Chances are you have some sort of gym gear full of good intentions stuffed away in your closet somewhere: runners, workout gear, whatever was meant to inspire you to get off the couch and out moving.
Motivation to exercise can be tricky. With everything we each have going on—work, family, friends, football (NFL playoffs, anyone?)—finding the time to start a new exercise routine can easily fall to the end of the to-do list. Perhaps even harder is being able to start an exercise routine and stick with it.
How can you get motivated to kick that fitness routine into gear? Here are six simple ways to start:
Find your why
Before you set foot in the gym, on the court, on the slopes, etc., you have to know why you’re doing it and why now. Consider why getting fit is important to you. How will it impact your life and the lives of those around you?
Finding your motivation also means finding an activity that feels like you. We’re lucky enough to live in a world of endless fitness options, so if the gym isn’t your thing—don’t start there! You don’t have to be a bodybuilder or marathon runner to get results. Try something you think you’ll actually enjoy to kick your fitness motivation into high gear and go from there.
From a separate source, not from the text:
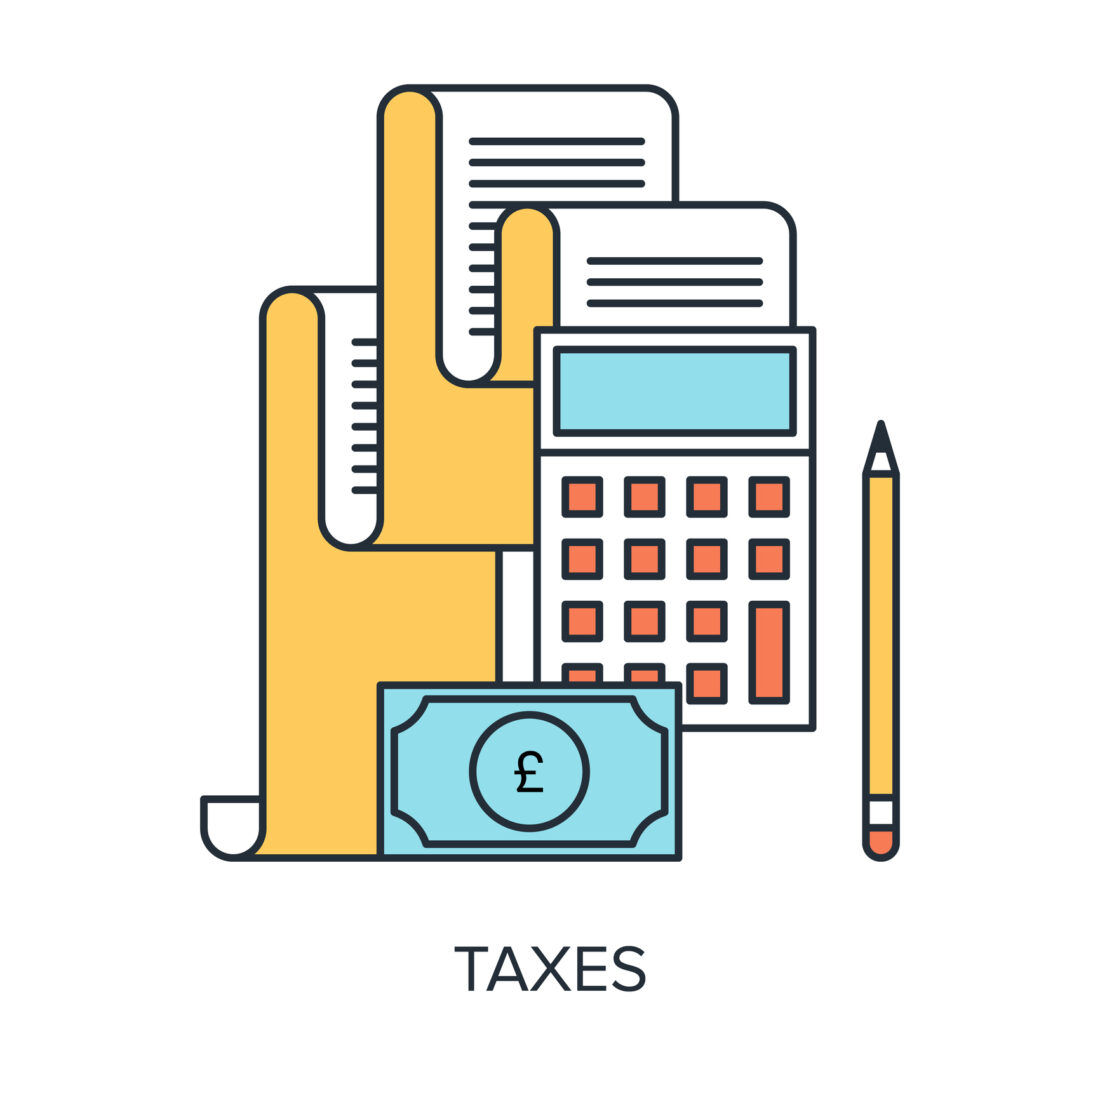 Taxes Concept
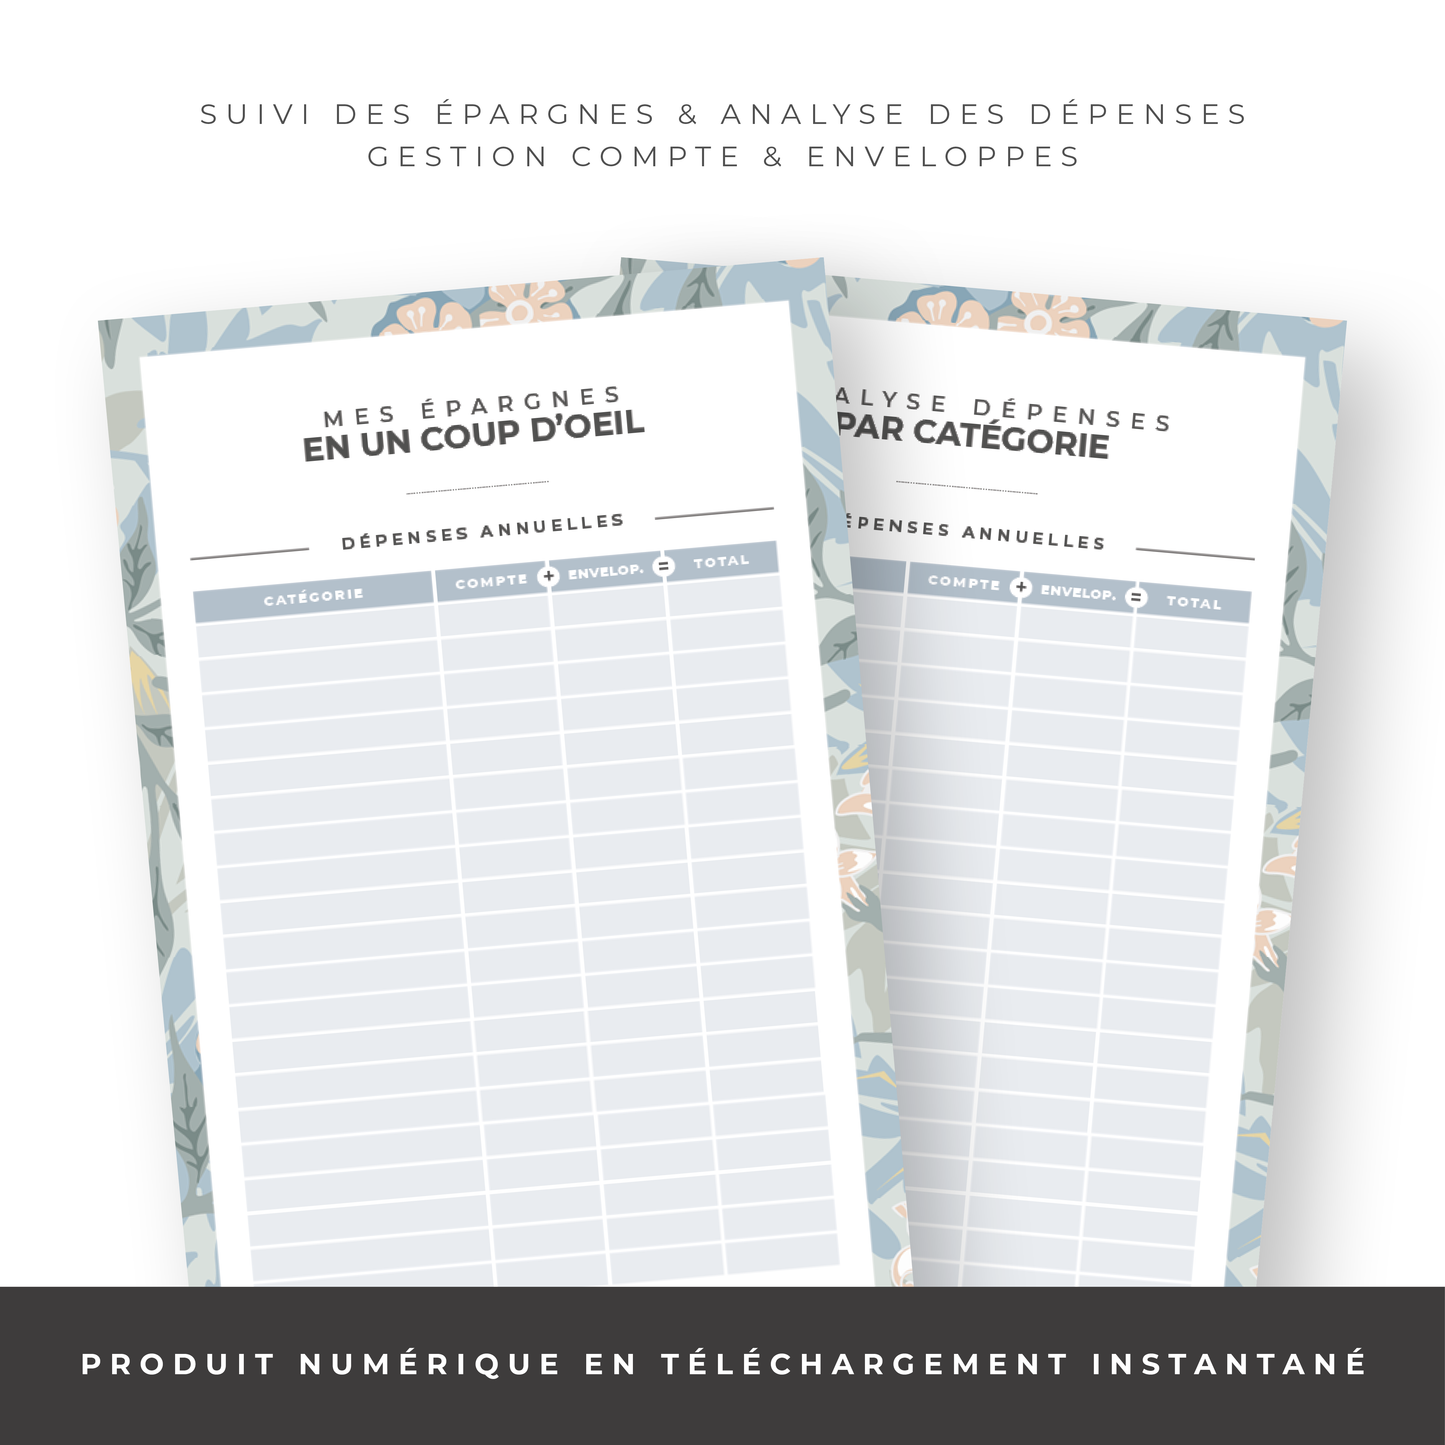 Kit Budget Planner Mini A6 - Floral (digital)

Focus on consistency, not results
When starting out, focus on consistency, not results. Consistency creates habits.
For example: instead of giving yourself a goal of losing thirty pounds in three months, exercise three days per week for 30 minutes the first month, four days per week for the second month and five days per week for the third month. Build up your workouts, and results will follow.
To stick to a routine, you’re also going to want to plan ahead. Schedule your exercise, whether it’s a post-work gym session or a five-minute walk around the block with your partner, pre-dinner. If you don’t carve out space to make something happen, that time won’t magically appear. You need to schedule ahead to make sure it happens.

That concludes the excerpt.